I’ve been returning to Richard Marshall’s cool essay on Nietzsche and Beckett over the past week, trying to absorb all the good bits. Here’s some of them:
Leiter’s Nietzsche writes only to the poet artist. Leiter considers Nietzsche rare in being someone not looking for a universal readership. His philosophy of art is like Stendhal’s in that it states that art promotes arousal. When discussing the figures who exemplify best what he is discussing it is Goethe, Beethoven and himself who Nietzsche cites. Nietzsche was addressing the artistic genius. His concern was not directly political or social or moral – although he did think that without the spectacle of the artistic genius civilizations would decline – his concern was to save the artist from our ascetic planet where morality and bourgeois conventions threatened to crush artistic wonders. Nietzsche is arguing for an exceptionalism for the likes of Beethoven and Goethe (and Nietzsche) in order that art and the artist could thrive. It is a philosophy of artistic bohemian hedonism. I argue that Beckett is a supreme exemplar.
…Remember that Nietzsche’s spectacularly illiberal elitism and anti-morality was about preserving the artistic genius from restrictions that would obliterate their ability to fulfil their role. The elitism is not about aristocratic breeding, wealth, intelligence or any of the usual suspects. He is wholly concerned with art genius. Nietzsche examples of the overman are Goethe and Beethoven (and Nietzsche too). He thought that without the artist, we would be deprived of the spectacle of artistic genius and deprived of such as these, we would deprive ourselves of the source in life of aesthetic pleasure.

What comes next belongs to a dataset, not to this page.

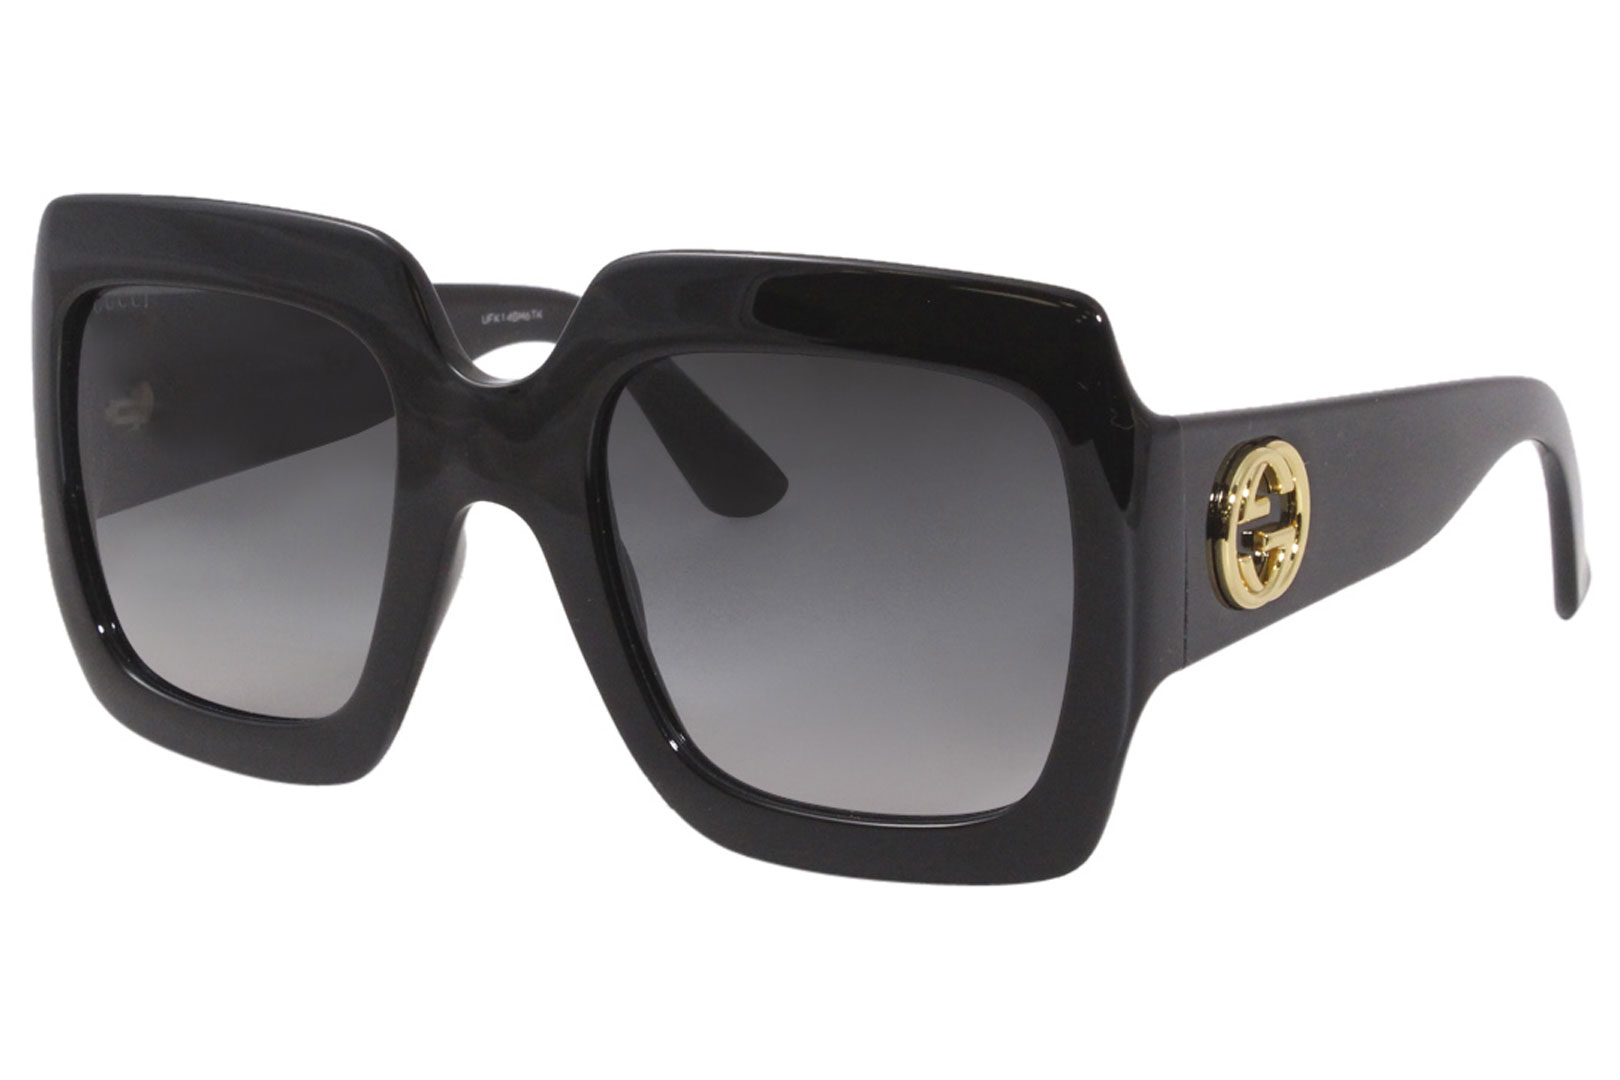 Gucci Sunglasses Urban Collection GG0053S 001 Black-Gold/Gray Gradient
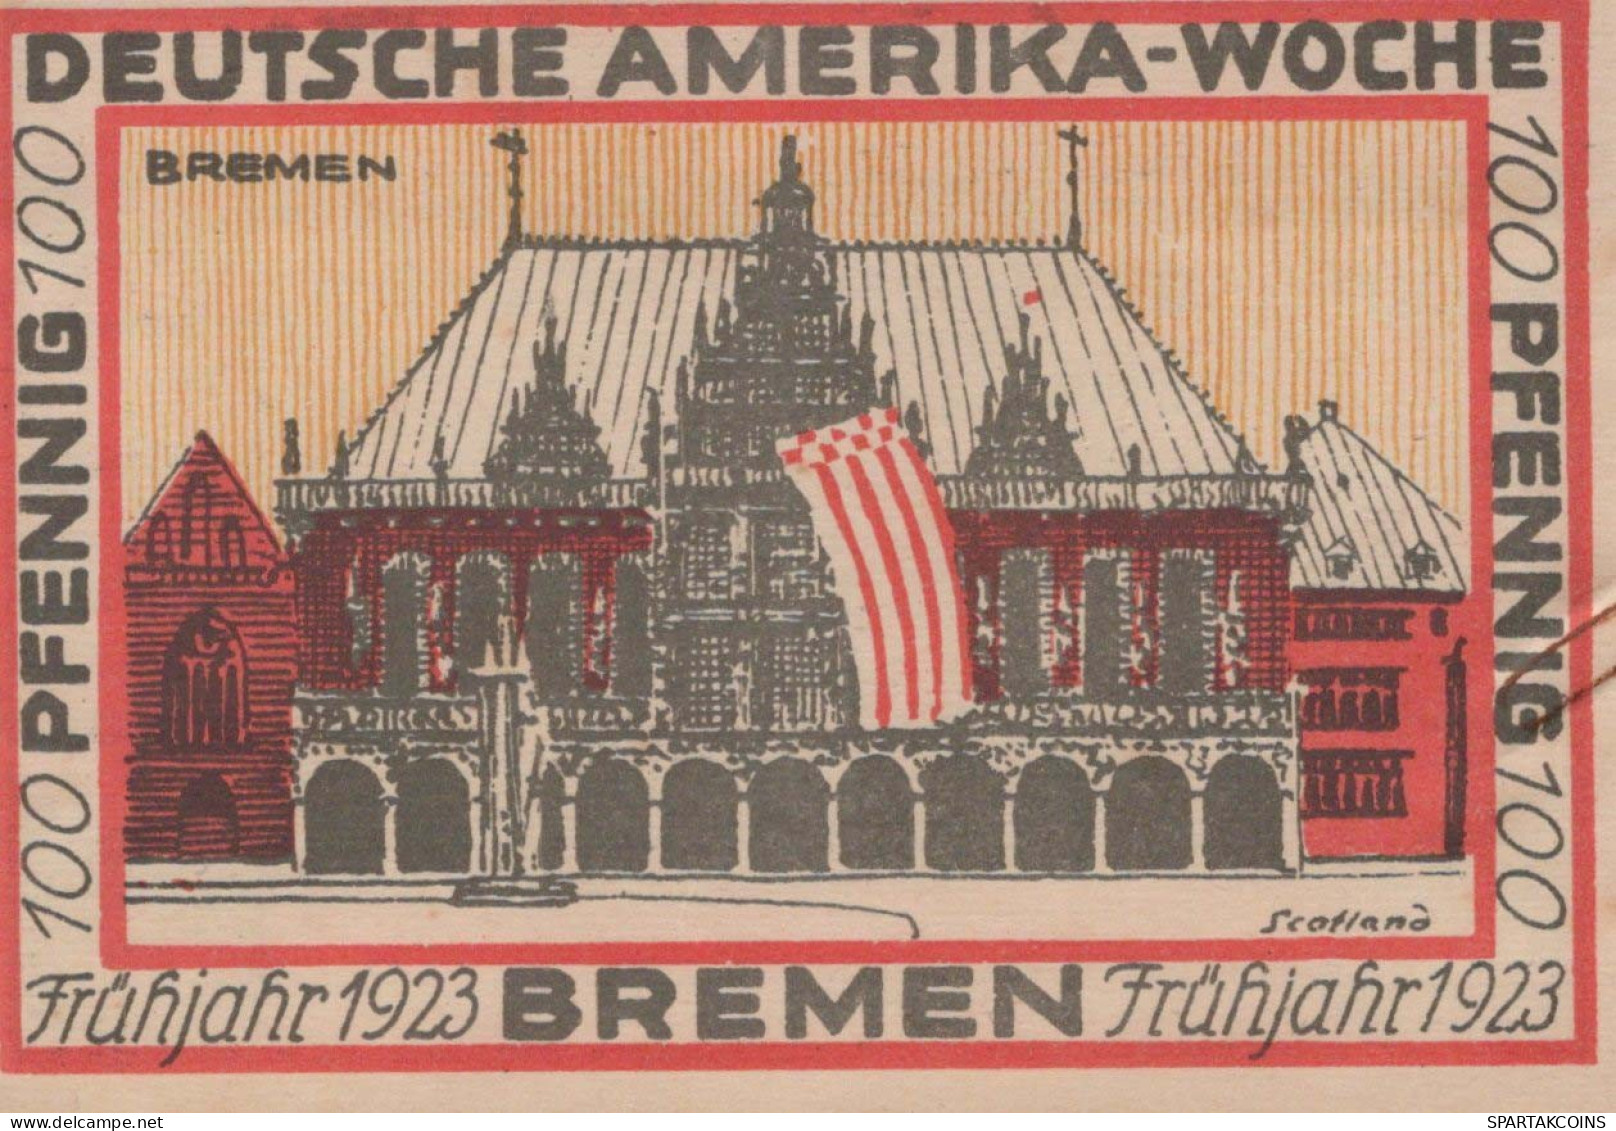 100 PFENNIG 1923 Stadt BREMEN Bremen UNC DEUTSCHLAND Notgeld Banknote #PA309 - [11] Emissioni Locali

…For Nietzsche the terrible truth is existential, moral and finally epistemic. We know little. What we do know science delivers and it fails to sustain our illusions about our selves, such as freewill. Most of our cherished beliefs are illusory. To know what others really think of oneself would make you clinically depressed. That much of what we cherish, including our moral beliefs, are lies and falsehoods, coupled with the idea that the truth is unbearable, is a core of the Niezschean philosophy.
…Nietzsche writes: ‘The truly serious task of art …[is] to save the eye from gazing into the horrors of night and to deliver the subject by the healing balm of illusion from the spasms of the agitations of the will’. Art is a protection and remedy to the tragic insight of our existential situation.